I was having a bit of a shit day when I shot this yesterday, mainly from hating the photo I took. Eating this made up for it because it was just so comforting and everything I need in a meal when I am down. So, on to the recipe.

Mushroom Bulgogi and Mashed Potato

Dorothy Porker
A delicious and exciting comfort food recipe for bulgogi and mashed potato from the Anju & Banju: Korean tapas cookbook. Made vegan with mushrooms.
Prep Time 15 minutes
Cook Time 20 minutes
Course Main course
Cuisine Korean
Servings 2


  • Container or shallow tray for marinating
  • Medium-sized pot
  • Large frying pan
  • Grater
  • Masher


For the mushroom bulgogi

  • 600 g 1.3 lbs mushrooms I used Portabello, cut into strips
  • 4 T soy sauce
  • 1 T sugar
  • 2 T honey
  • 2 cloves garlic minced
  • 1 T red wine
  • 1 t black pepper ground
  • 2 T sesame oil
  • 1 T neutral oil

For the ginger mashed potatoes

  • 3 medium potatoes peeled and cut into chunks
  • 1 t salt
  • 1 T sugar
  • 3 T cream use non-dairy to keep it vegan
  • 2 T milk use non-dairy to keep it vegan
  • 1/2 T ginger peeled and grated

To serve

  • 2 T spring onion minced, chives also work


  • Start by bringing 3 medium peeled potatoes to the boil with 1 t of salt. Turn down the heat to a vibrant simmer and leave to cook for 20 minutes, or until you can poke through the potato with a fork with ease.
  • Now mix together 4 T of soy sauce, 1 T sugar, 2 T honey, 1 cloves minced garlic, 1 T red wine, 1 t black pepper and 2 T sesame oil in a container big enough to briefly marinade your mushrooms in (I used an oven dish) and place in the mushrooms. Tossing every so often to coat everything evenly.
  • Stand around for a few minutes to roughly time your mushrooms to be ready at the same time as your potatoes. 5 to 10 minutes or so.
  • When your potatoes have about 10 minutes to go, heat a large frying pan over high heat and add 1 T neutral oil before tossing the mushrooms and marinade into the pan. Toss and cook until the mushrooms have caramelized and most of the liquids have evaporated.
    Be sure to stay with the pan at this step, the sugars and garlic can turn really burnt and bitter if you don't take it off the heat in time.
  • With the mushrooms taken off the heat and the potatoes now cooked.
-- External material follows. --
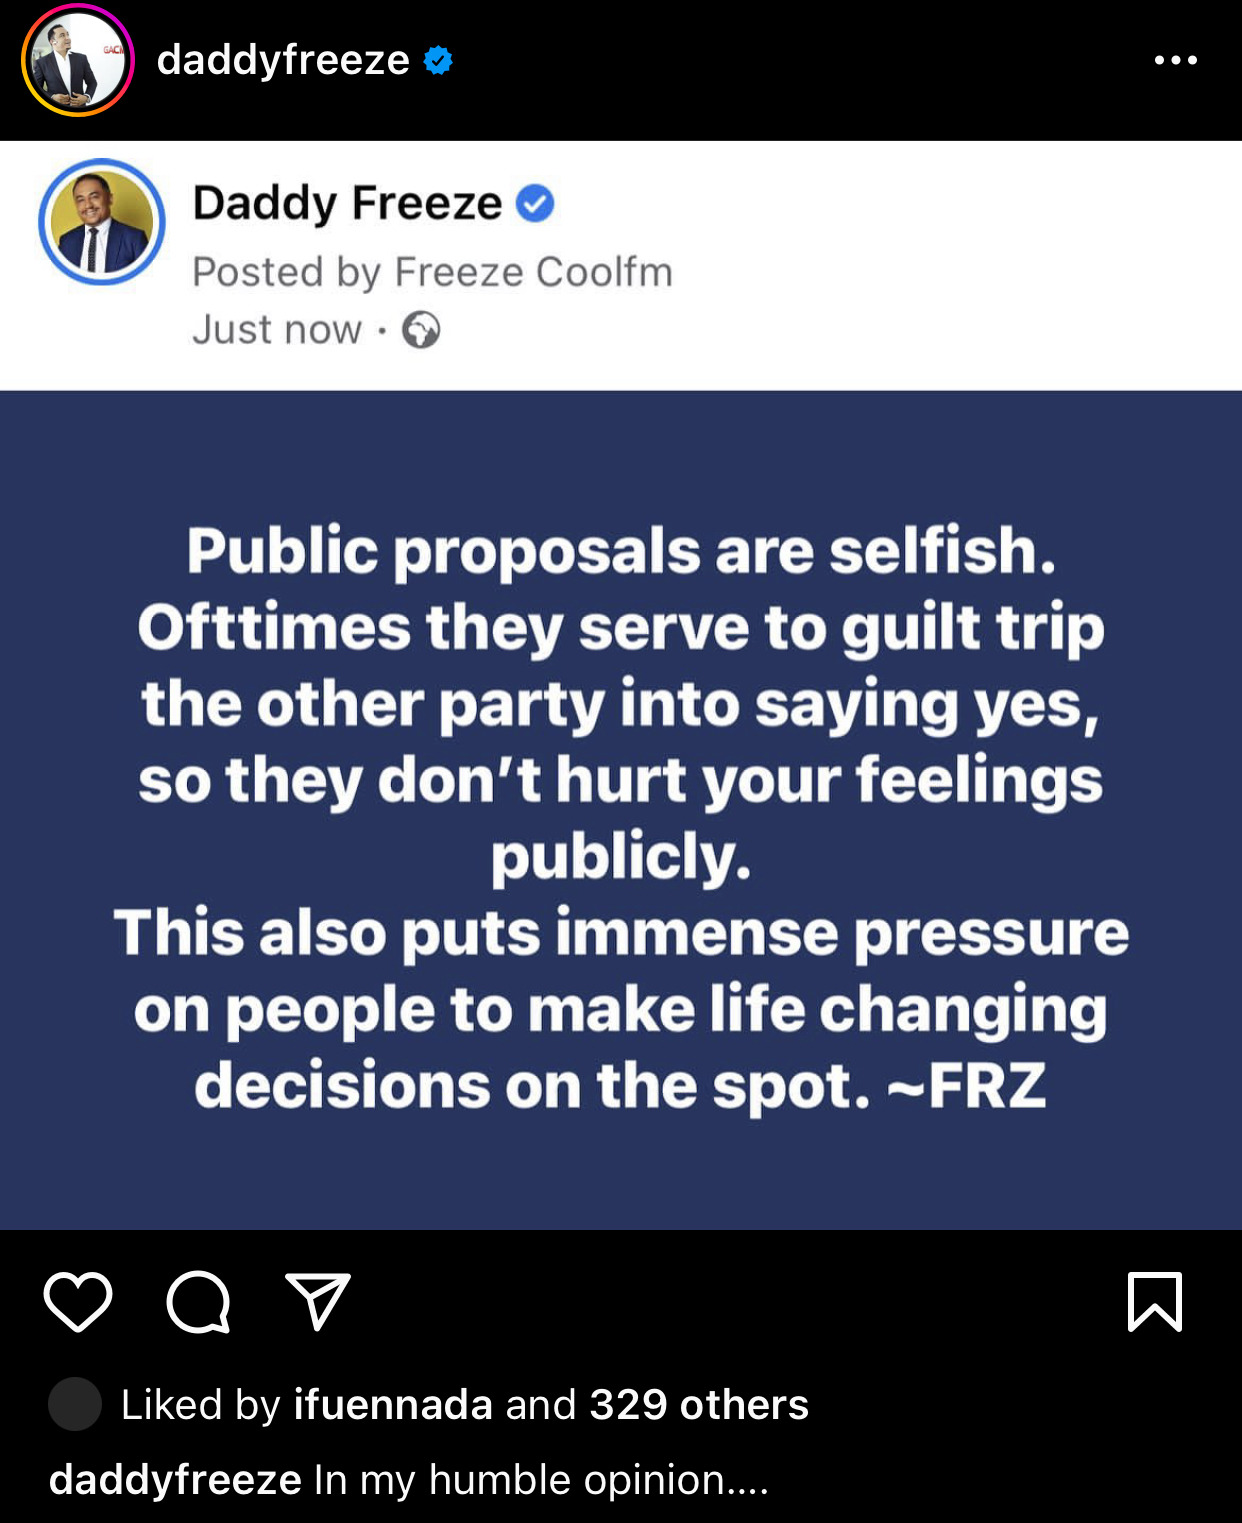 Daddyfreeze Calls out People who propose publicly

Add 1 T sugar, 3 T cream, 2 T milk and 1 T grated ginger to the potatoes and mash to your desired consistency. I like my mash chunky on some days and smooth on others, so you do you.
  • Plate the mash and then top with the mushrooms before sprinkling with 2 T of spring onion (or chives) and serve with a nice Bourgogne Chardonnay.


  • If you want to make this as it was originally intended, the recipe in the book calls for 600 g of beef (rib eye, beef loin or poor man's rib eye) and 2 T of Korean pear 'squeeze' (juice) and ground black pepper to tenderize the beef in for 20 minutes before you do anything else.
  • I'm sure this will work equally well with (king) oyster mushrooms. 
  • Anju & Banju recommends you serve this mushroom bulgogi and mashed potatoes with Sextant - a Bourgogne Chardonnay by Julien Altaber.